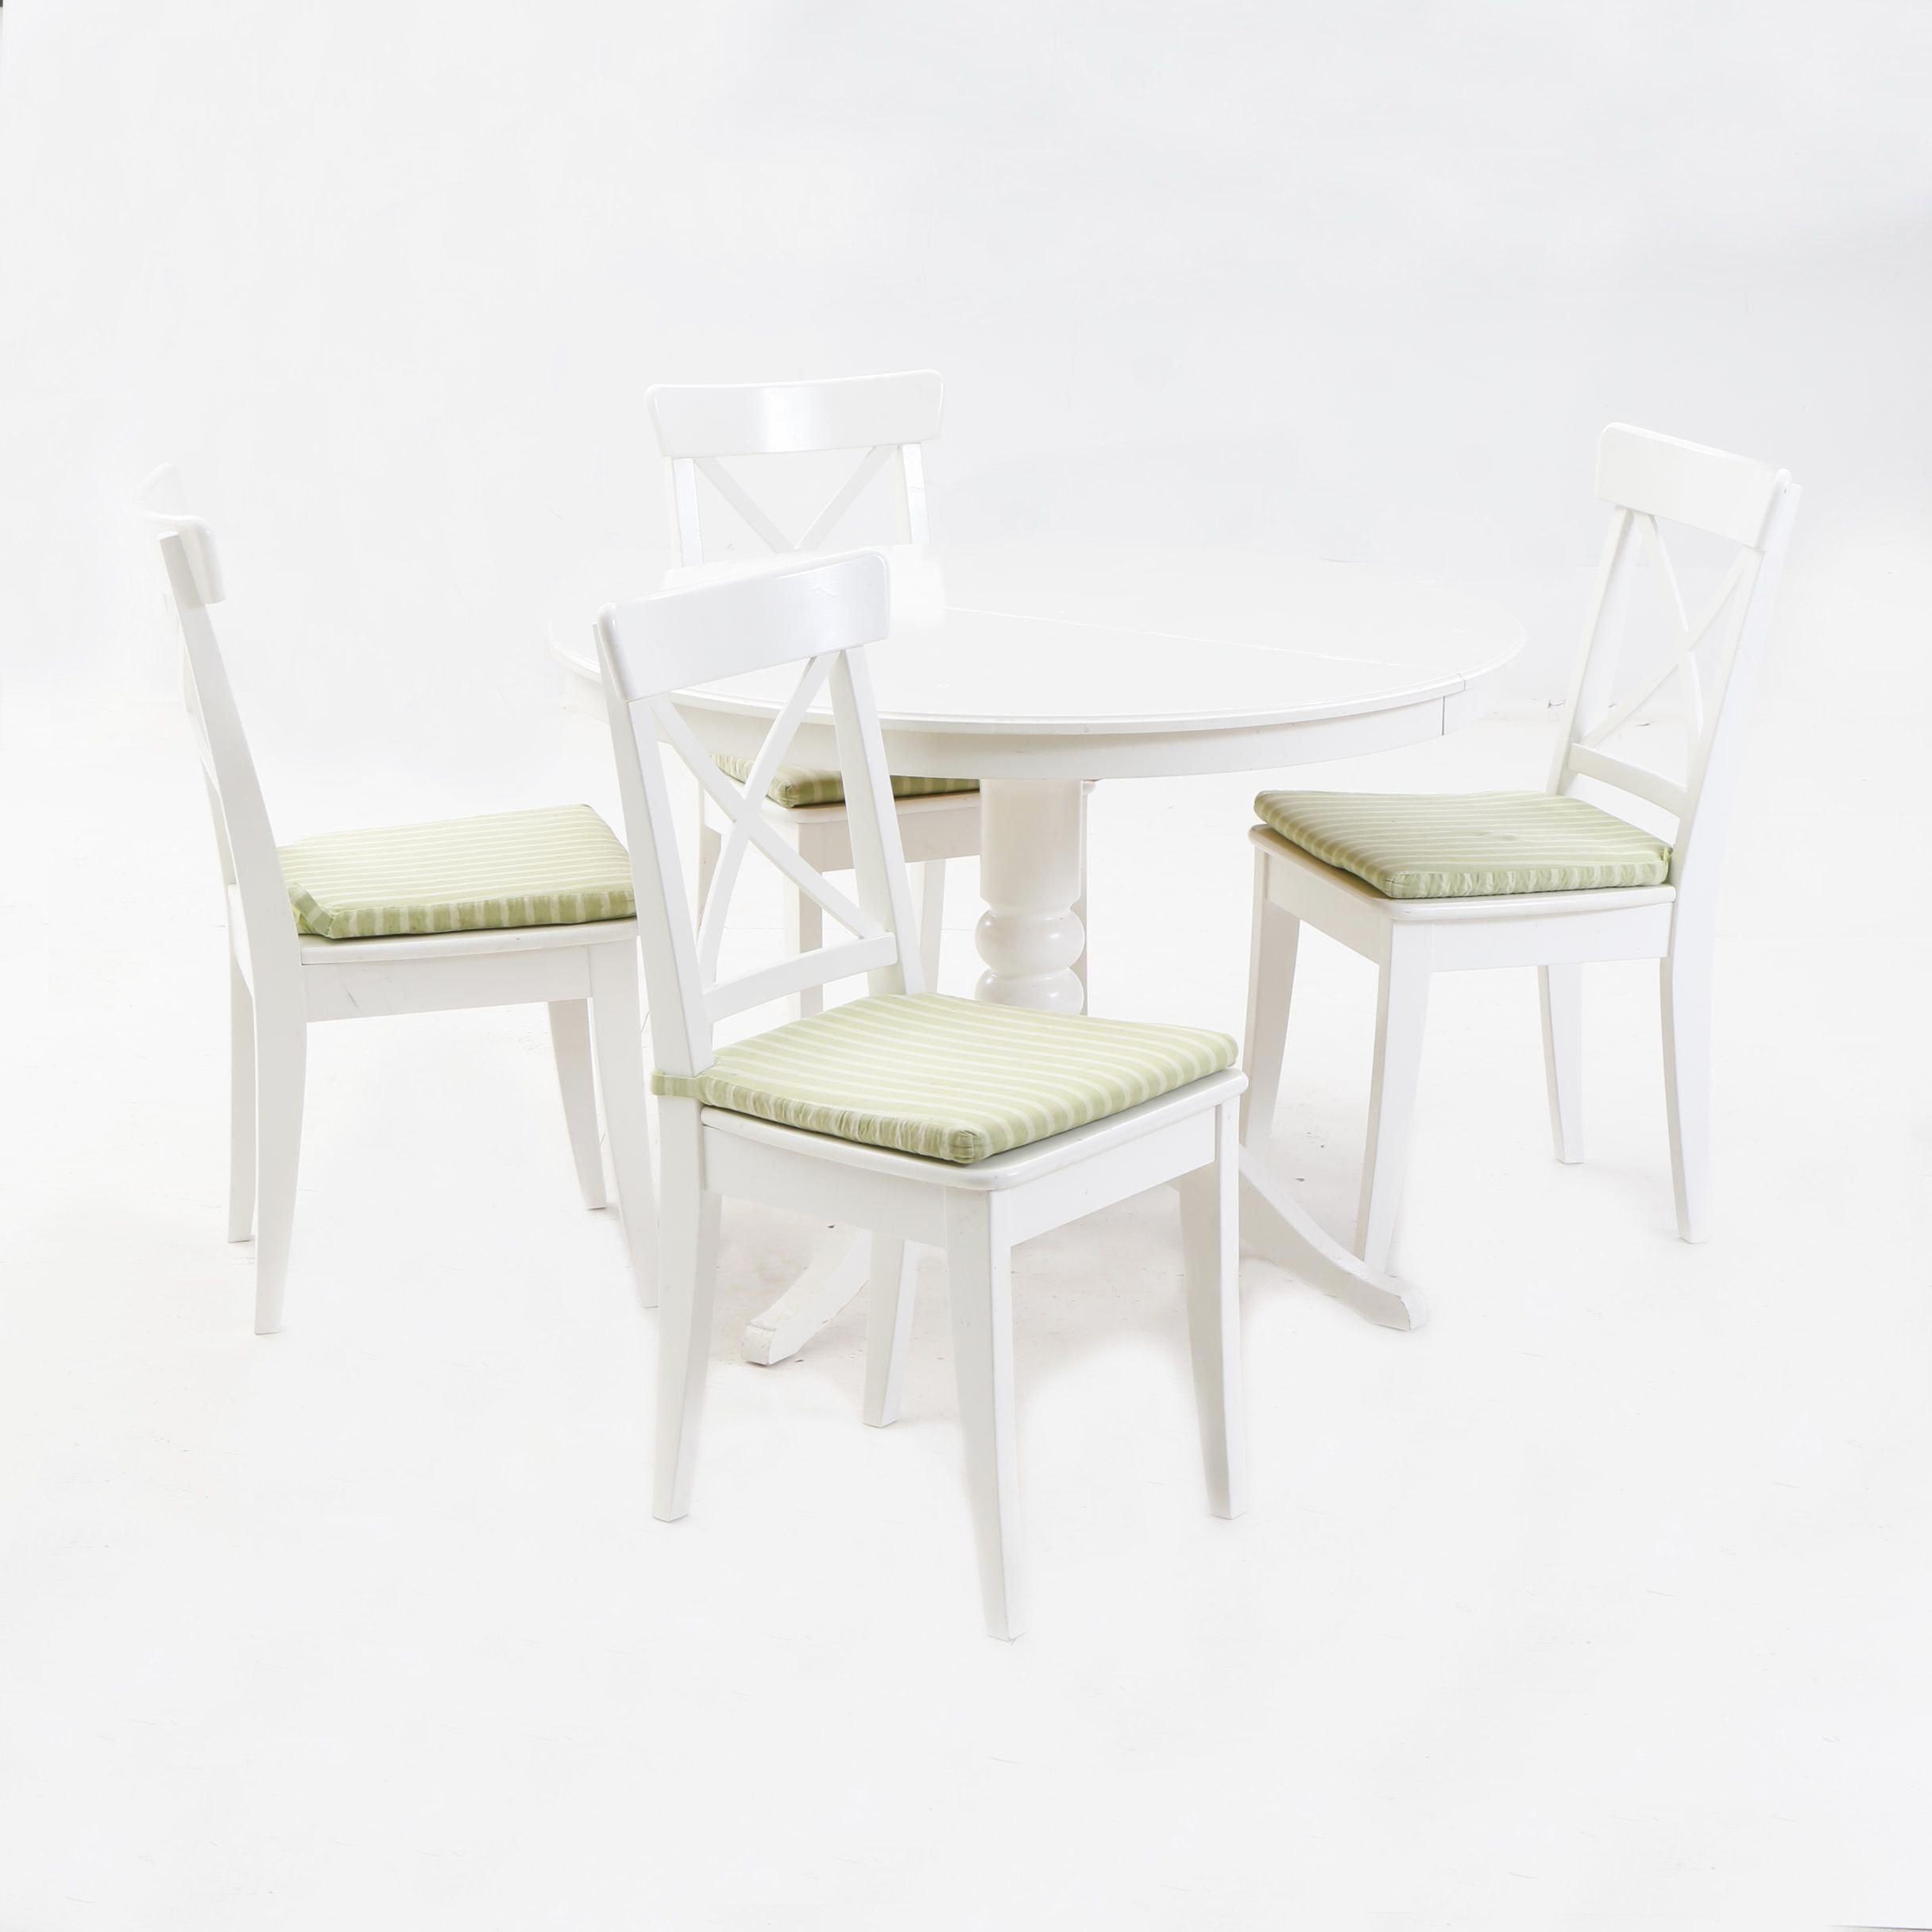 IKEA Ingolf Dinette Set in White
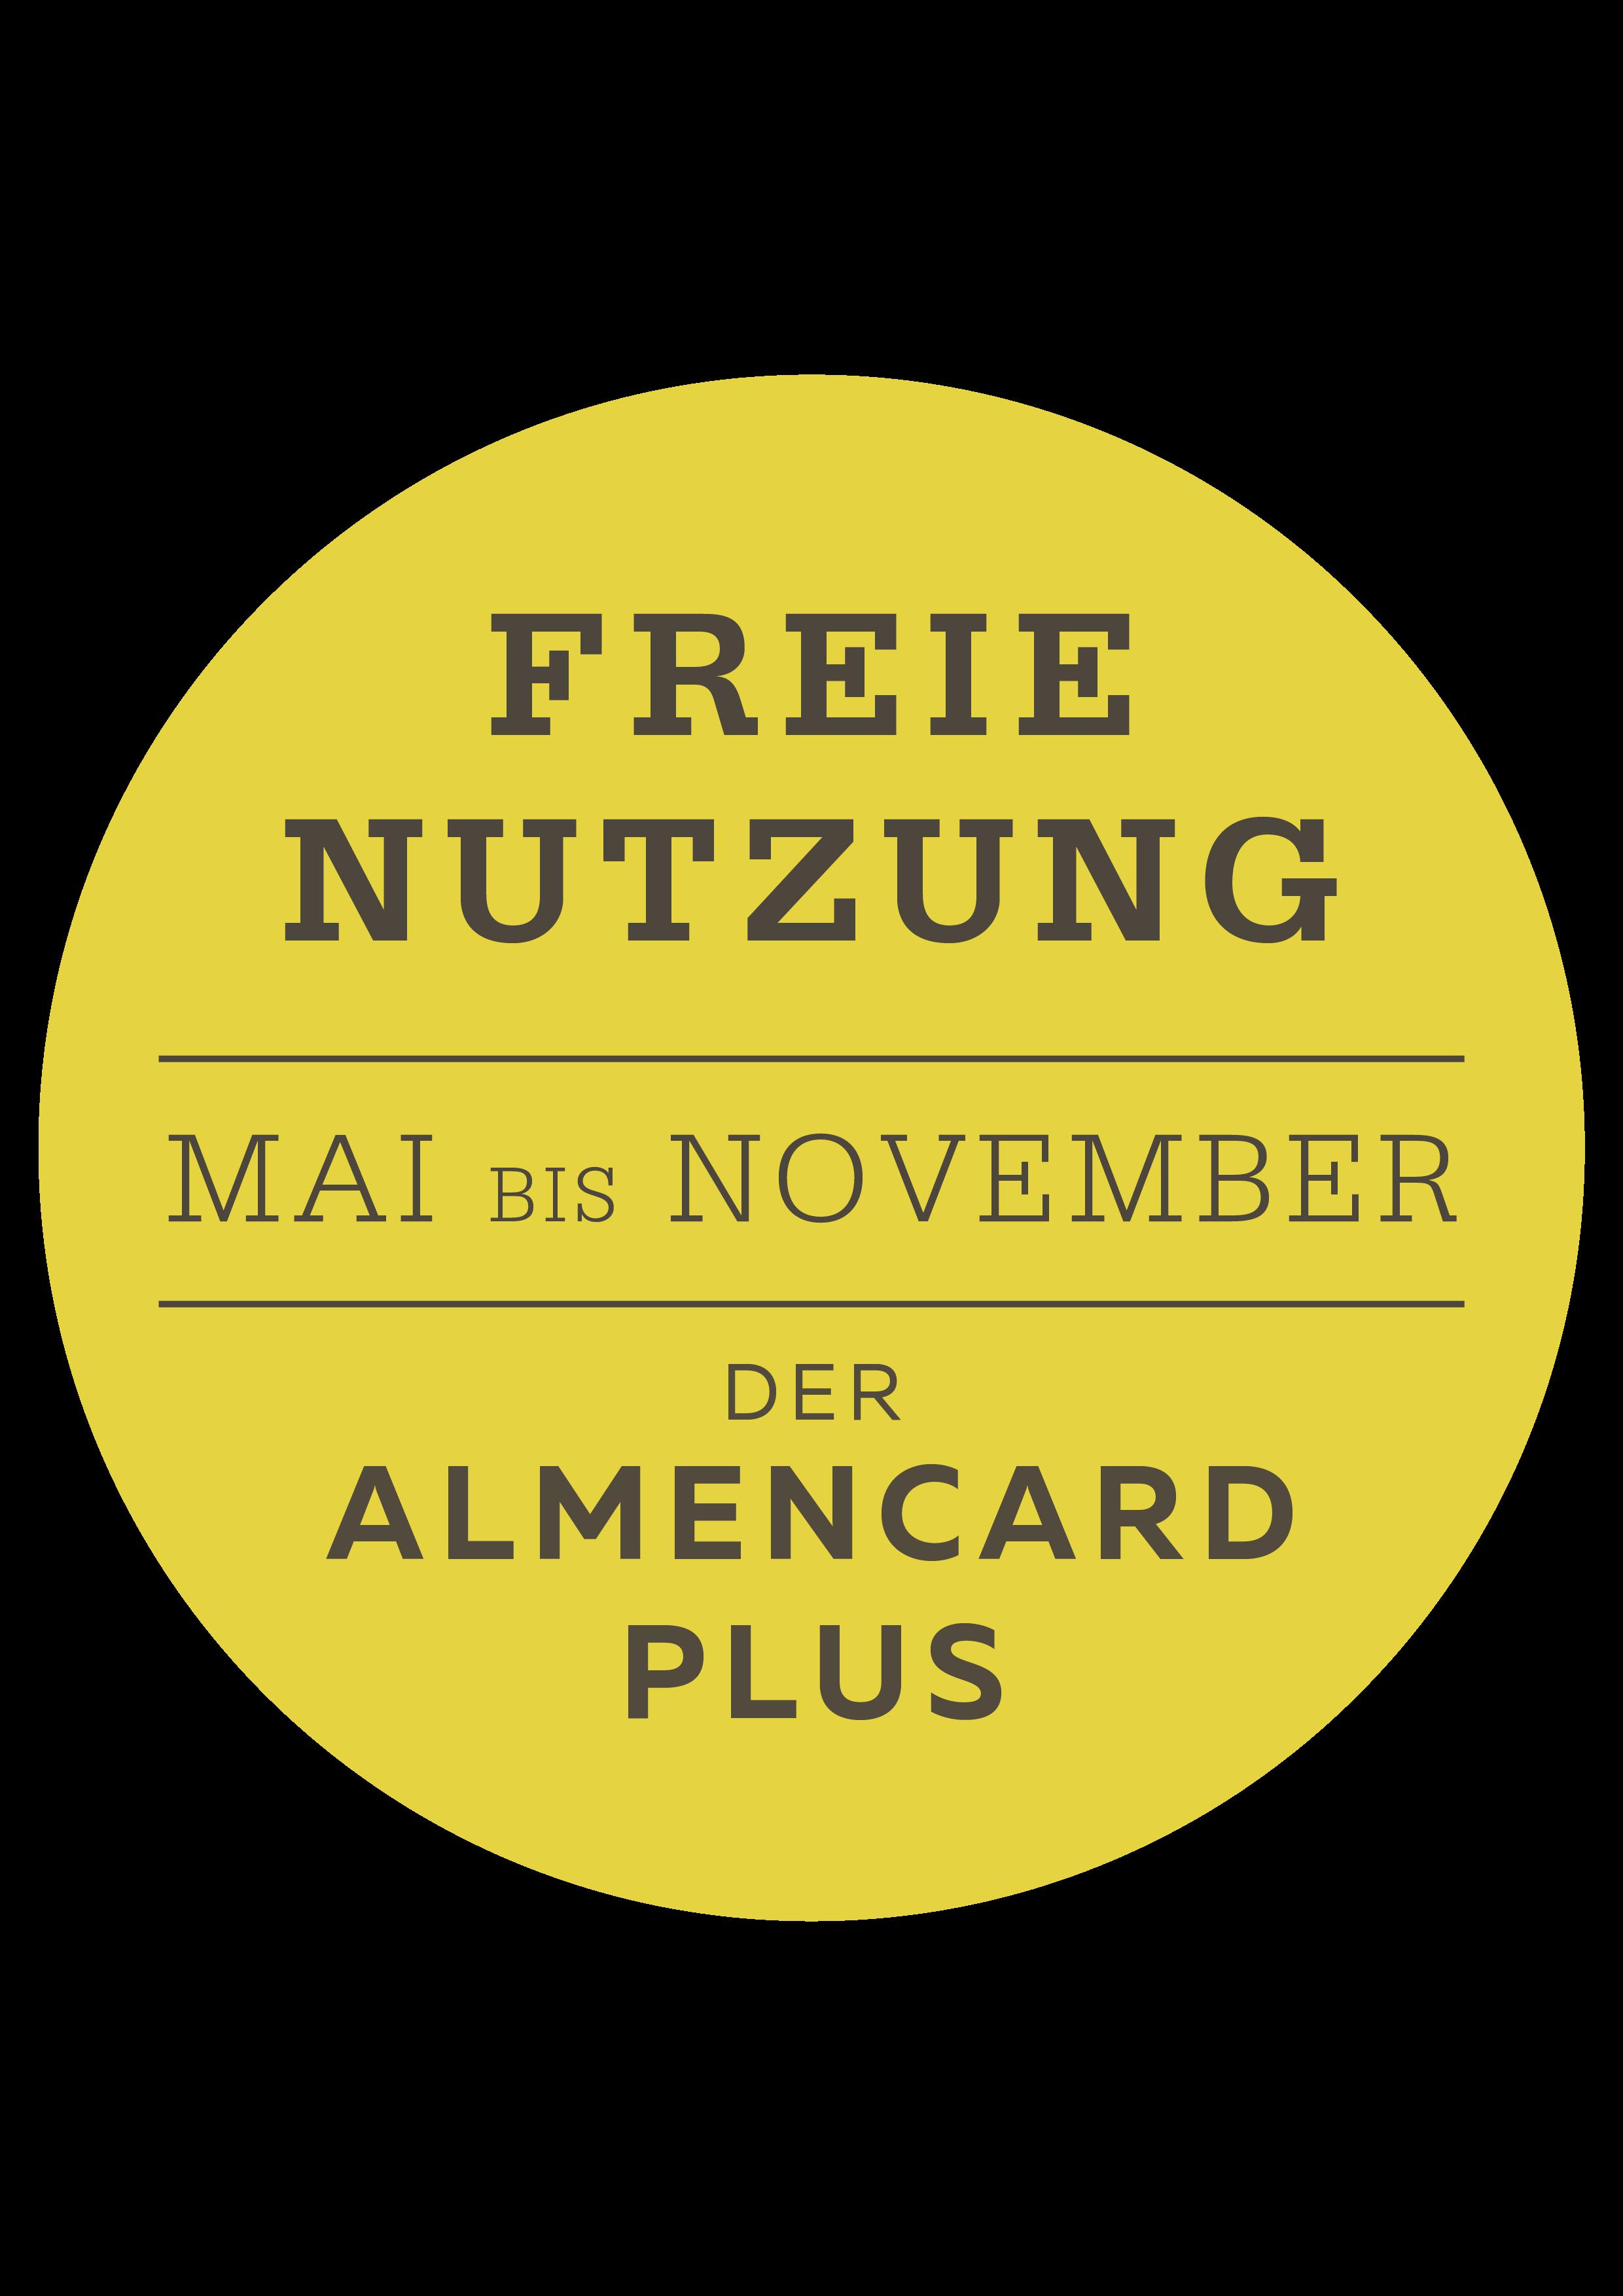 almencardplus_de.png
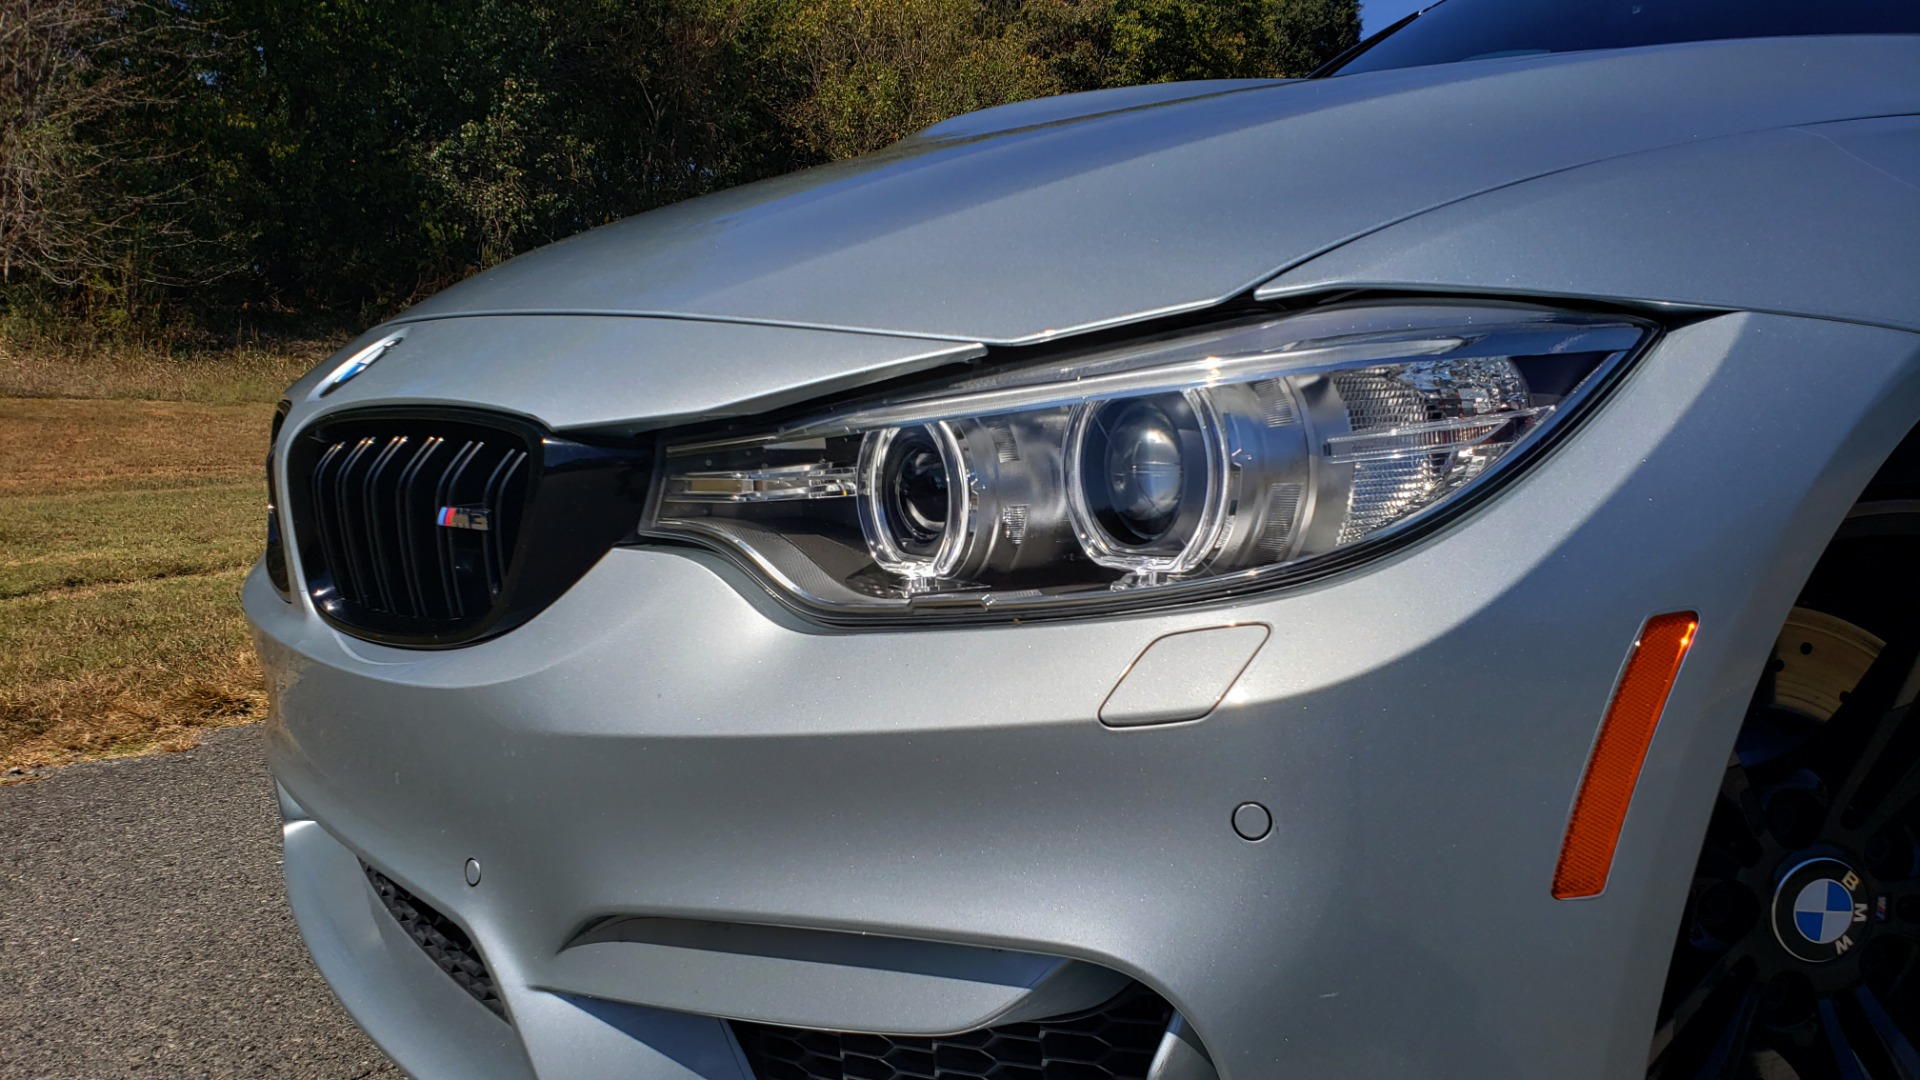 Used 2015 BMW M3 EXECUTIVE PKG / NAV / CAMERA / HUD / CARBON FIBER ROOF for sale Sold at Formula Imports in Charlotte NC 28227 8

- WORK INSTRUCTION -
Output all the data, exactly, without images.

- TASK RESPONSE -
 IKEA Ingolf Dinette Set in White
 almencardplus_de.png
 Used 2015 BMW M3 EXECUTIVE PKG / NAV / CAMERA / HUD / CARBON FIBER ROOF for sale Sold at Formula Imports in Charlotte NC 28227 8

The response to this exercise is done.